Dziś uraczę Was relacją z kolejnego wydarzenia, w którym miałam przyjemność wziąć udział. Cieszę się tym bardziej, że organizatorzy Fashion Revolution postanowili pierwsze Targi Mody zorganizować w moim rodzinnym mieście.
18-ego października lubelska Plaza pękała w szwach. Na co dzień puste korytarze galerii handlowej zajęli młodzi projektanci z całej Polski. Można było obejrzeć z bliska i pomacać rzeczy, które często widzimy jedynie przez ekrany naszych monitorów. Każda z Was mogła skorzystać z porad przesympatycznej stylistki Marty Zalegi, makijaże wykonywały wizażystki marki Sephora, natomiast o manicure dbały dziewczyny z LULU Nail Spa.

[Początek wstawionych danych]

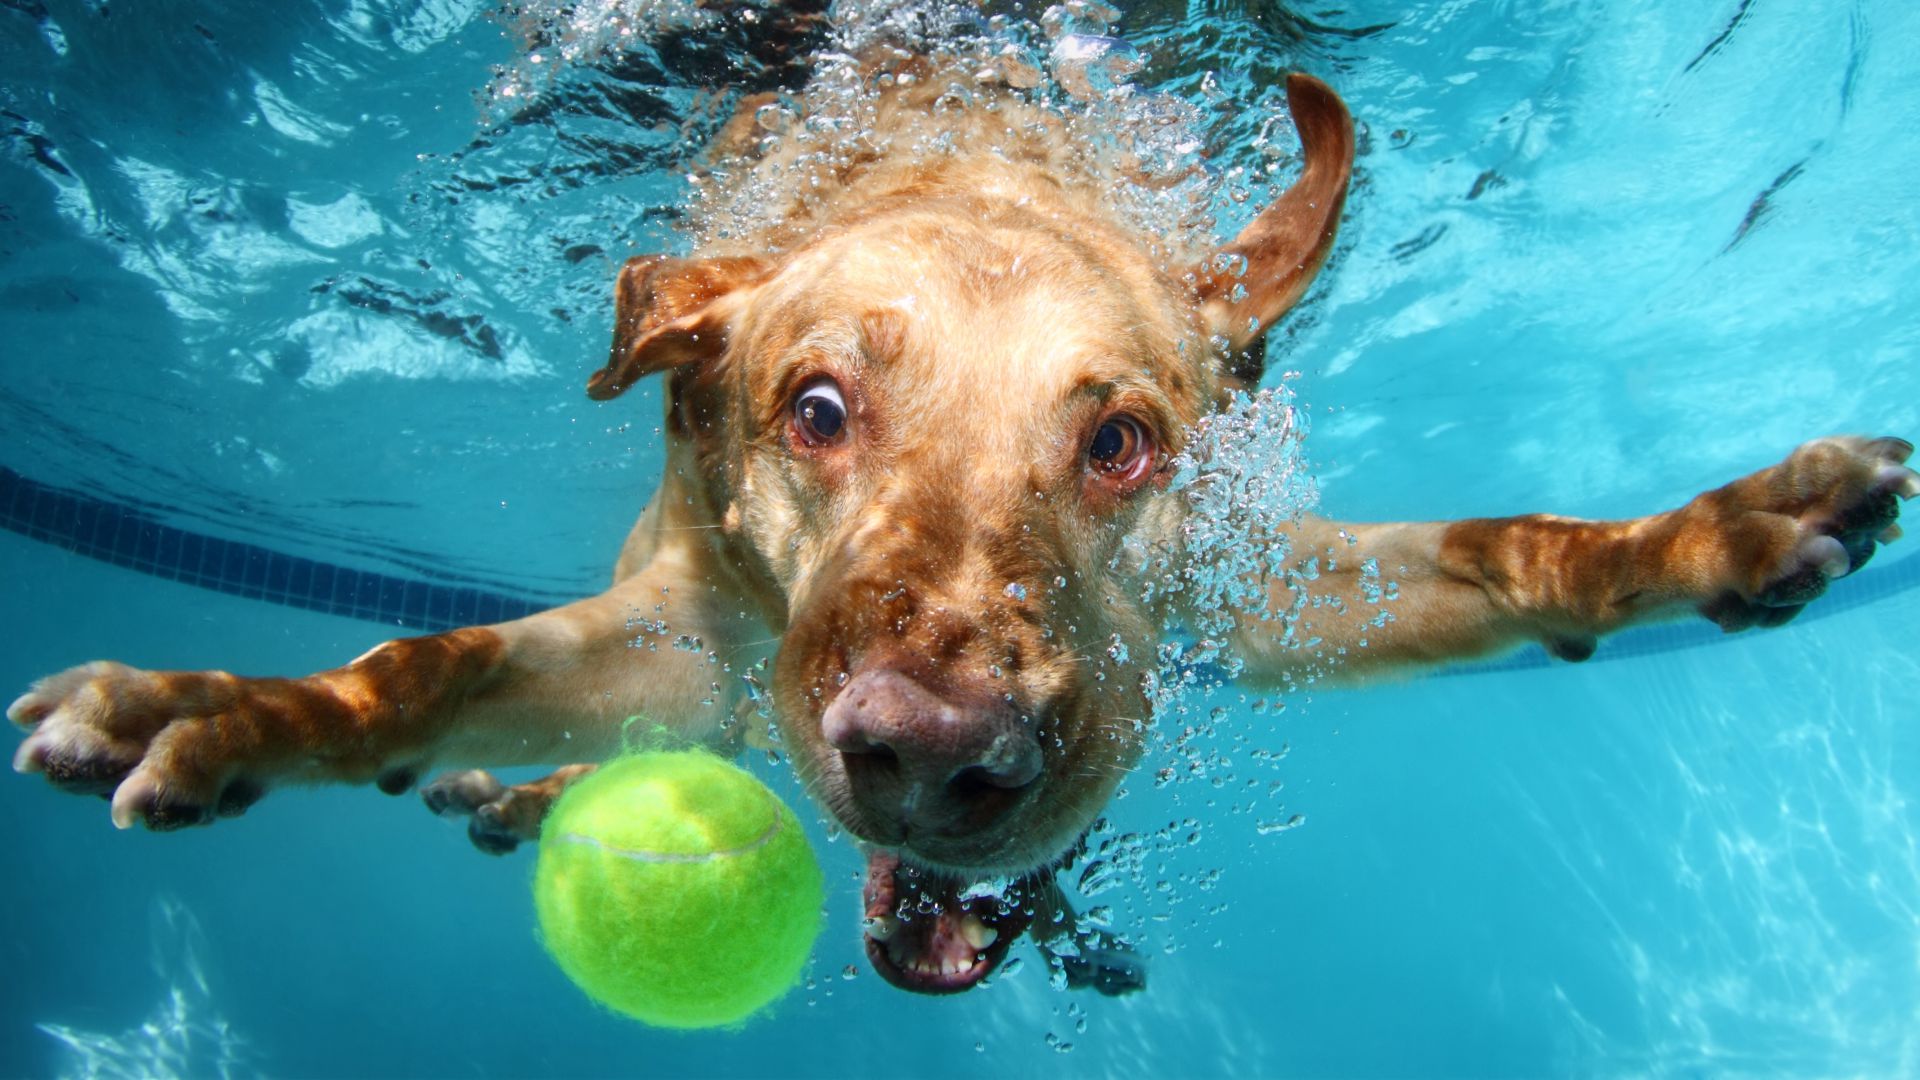 Лабрадор, собака, под водой, милые животные, забавный, Labrador, dog, underwater, cute animals, funny (horizontal)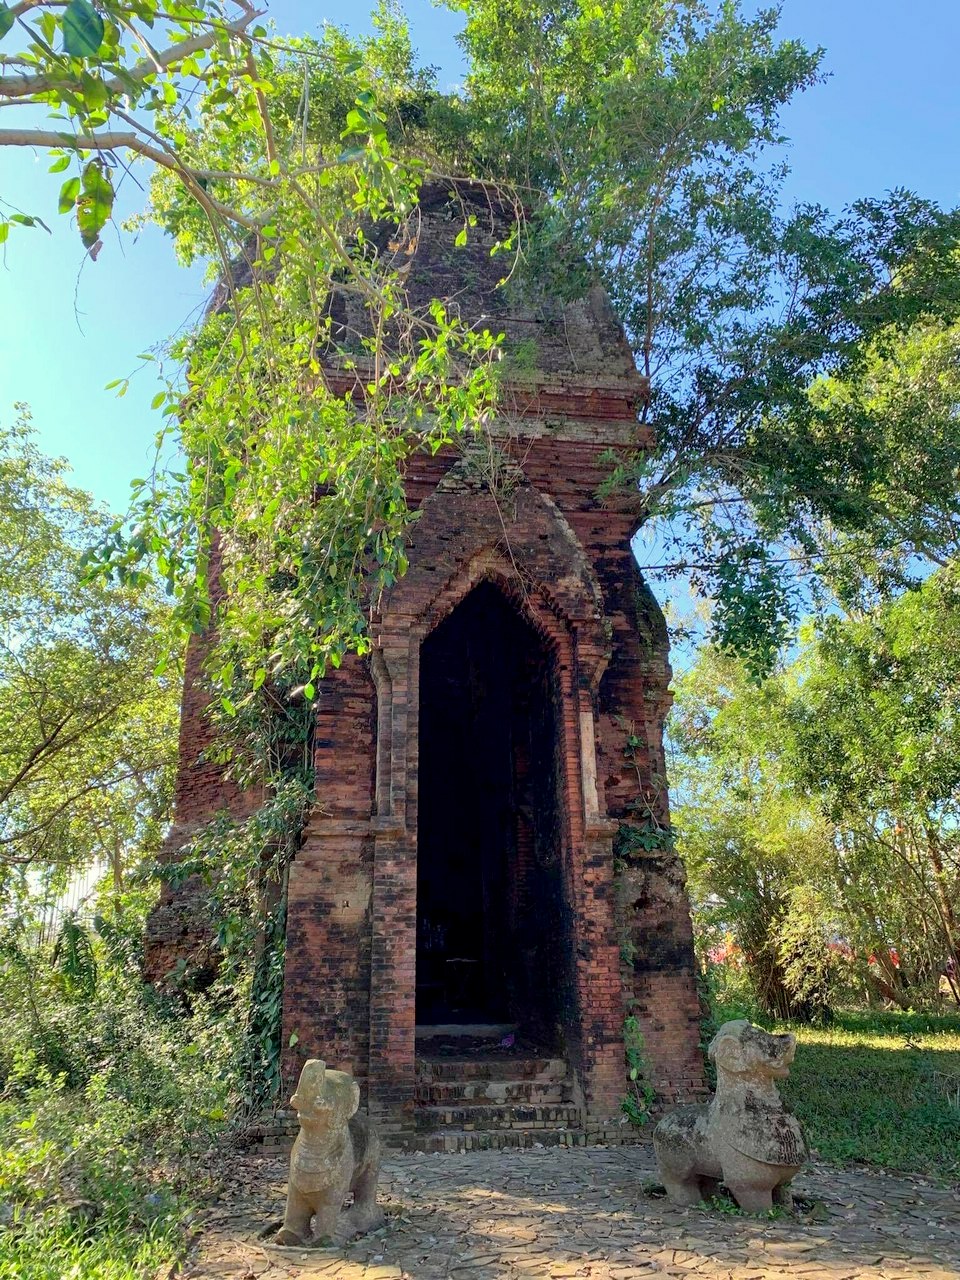  Tháp  Bằng An nhìn từ  cổng chính.

Tego dnia poznałam wiele fantastycznych dziewczyn - zarówno blogerek, jak i organizatorek spotkania. I kiedy w tego typu relacjach czytacie zawsze, że poznawanie ludzi to najfajniejsza strona blogowania, czytacie najprawdziwszą prawdę! Kobitki poza tym, że śliczne i mądre, są naprawdę normalne. A fakt, że łączy nas wspólna pasja, umożliwia nam jedynie (aż!) poznanie się. Bo paradoksalnie nie zamieniłyśmy ani słowa na temat ciuchów, butów czy stylizacji.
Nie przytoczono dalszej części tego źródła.